Schaeffer's book, first published in the early 1970s, was perhaps the earliest evangelical response to White - at that time few evangelicals showed much awareness of ecological issues. (A brief personal observation. When I became a Christian in about 1973 I devoured Schaeffer's works, and they were mind-expanding - opening my eyes to art and literature and general culture and ecology and much beside. He had his ears and heart open.) The book reprints White's article in full, so that readers can engage with it on its own terms.
The book begins with a personal example about DDT in birds' eggs, and formulates ecological questions in terms of "pollution" (remember, this is just after "Silent Spring") - living peaceably on the earth without damaging it. Picking up on White, Schaeffer asks what fundamental ways of thinking shape the way that humanity treats the natural world. Is Christianity the problem? He does not defend Christian practice - indeed, one of the most memorable things about the book is its passionate indictment of the ugliness and shallowness of much Christian practice, its false spirituality which despises the body and the earthly. But rather than taking a pantheistic turn, Schaeffer argues that a right Christian theology will honor the natural creation without worshiping it: "Christians, of all people, should not be the destroyers. We should treat nature with an overwhelming respect... Saint Francis' use of the term 'brothers to the birds' is not only theologically correct, but ... to be thought of ... to be practiced ... to be *felt* as I face the tree, the bird, the ant.... If I love the Lover, I love what the Lover has made."

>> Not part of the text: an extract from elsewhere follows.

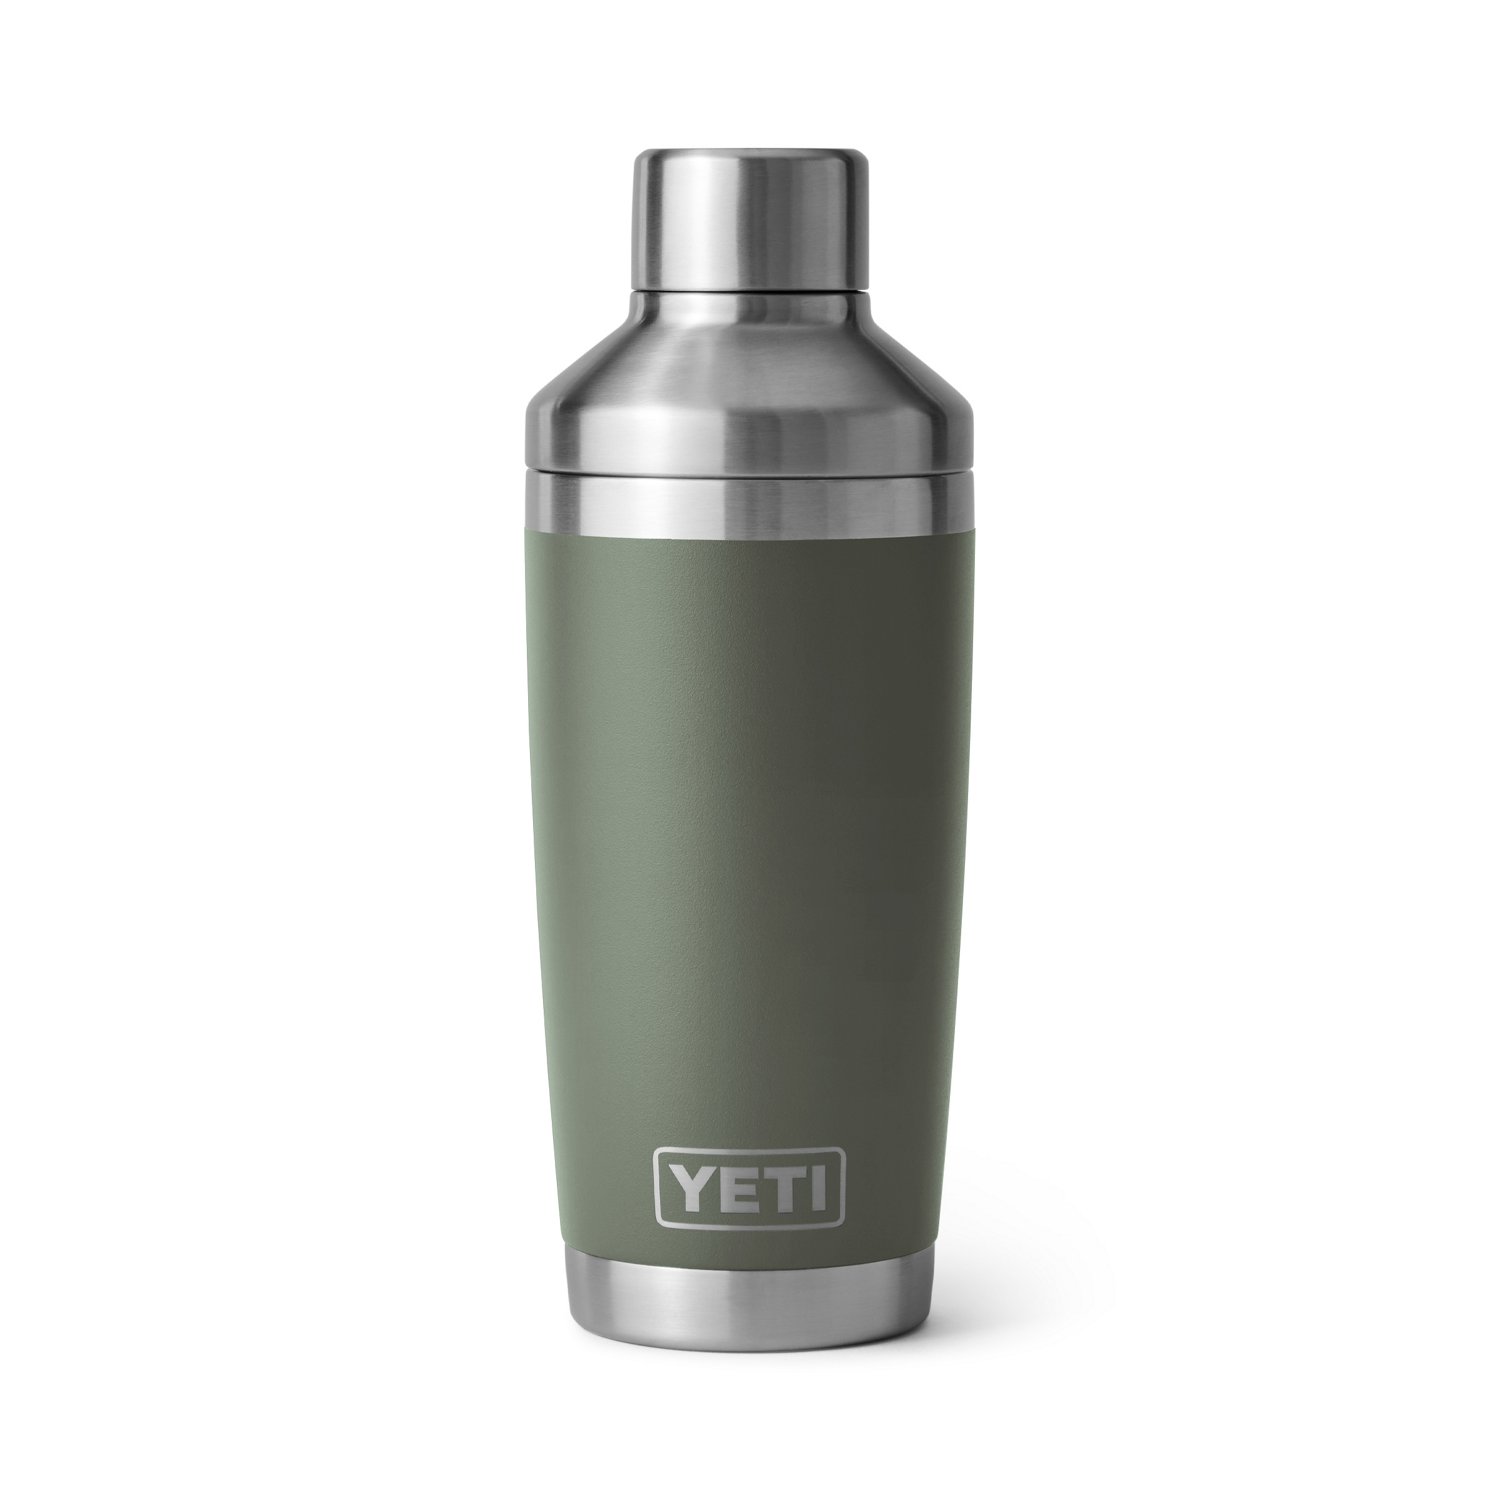 https://academy.scene7.com/is/image/academy//drinkware/yeti-rambler-20-oz-cocktail-shaker-21071502091-green/ccdf6fced8bb46769edfbb8e959c86e1?$pdp-gallery-ng$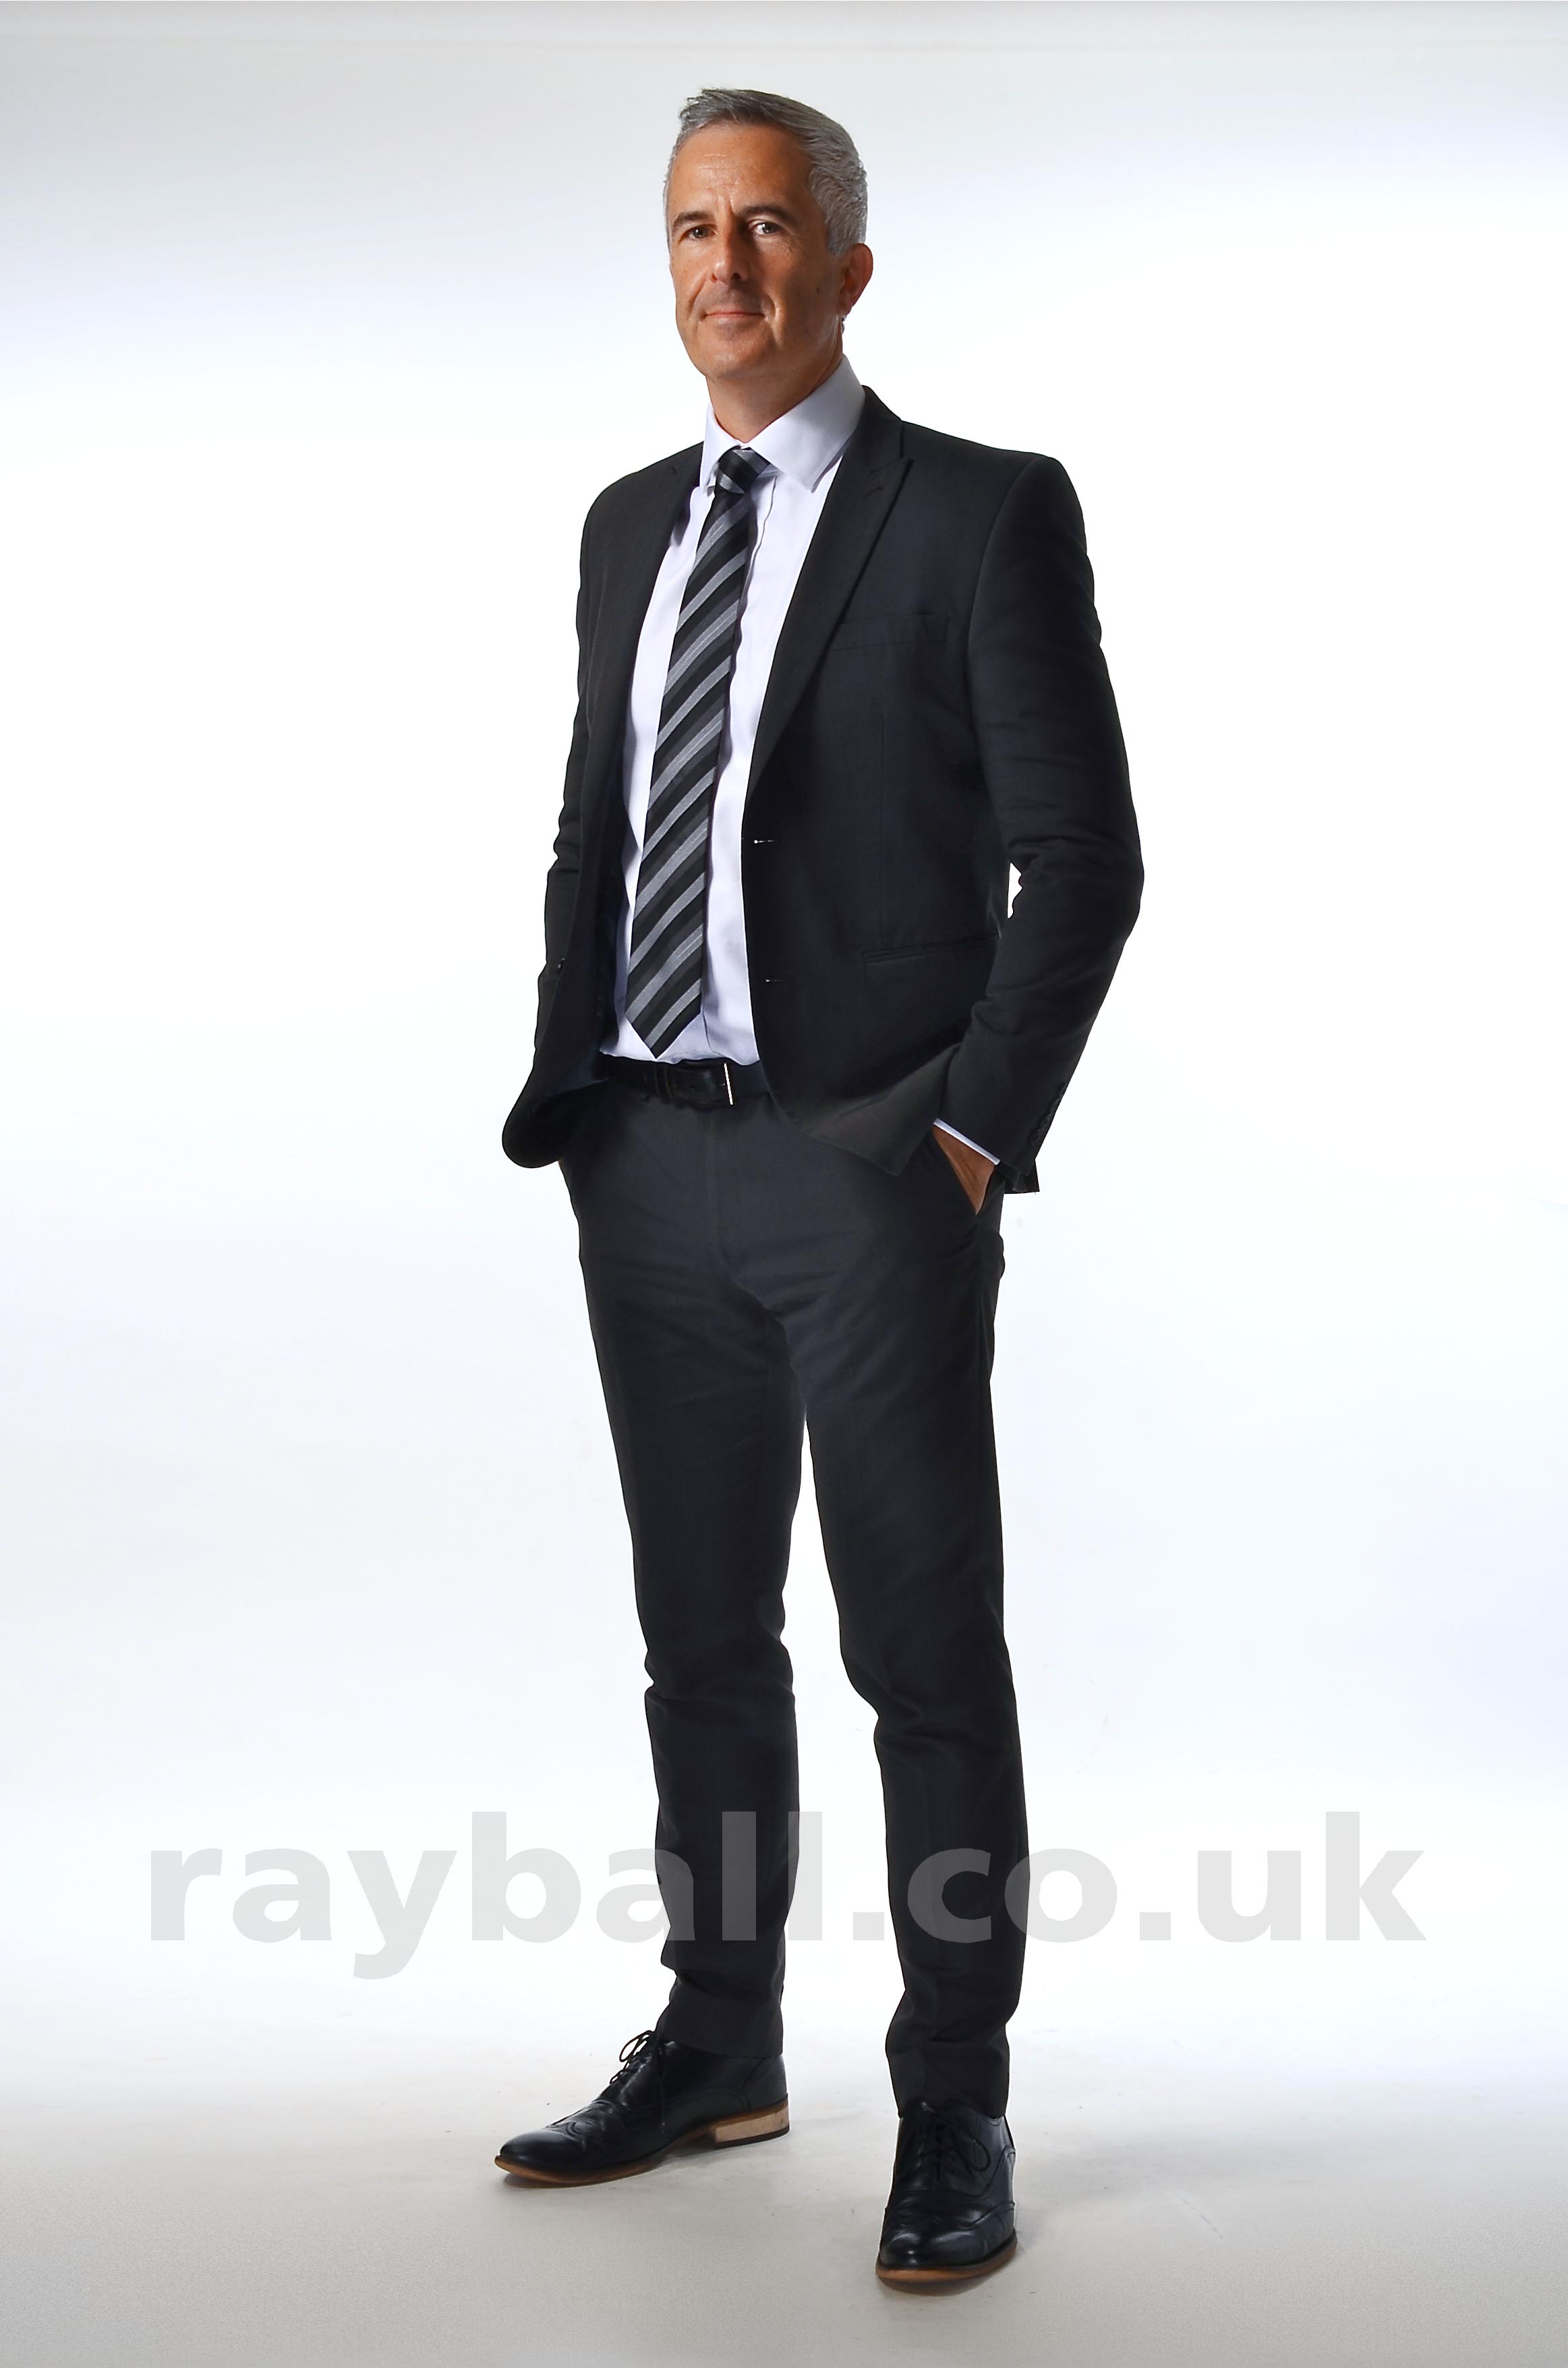 Corporate portrait of fellow from Fetcham Surrey.

A basic question about all of Schaeffer's thought is whether "getting our worldview right" is really as important or as effective as he believed. The last paragraph of the book begins, "When we have learned this - the Christian view of nature - then there can be a real ecology; beauty will flow, psychological freedom will come, and the world will cease to be turned into a desert." Strong words. At any rate I think it can be said that how we worship forms who we are. If our worship articulates the understanding of and joy and awe in creation that suffuses this book, we will become people who are closer to God and who more deeply respect what God has made.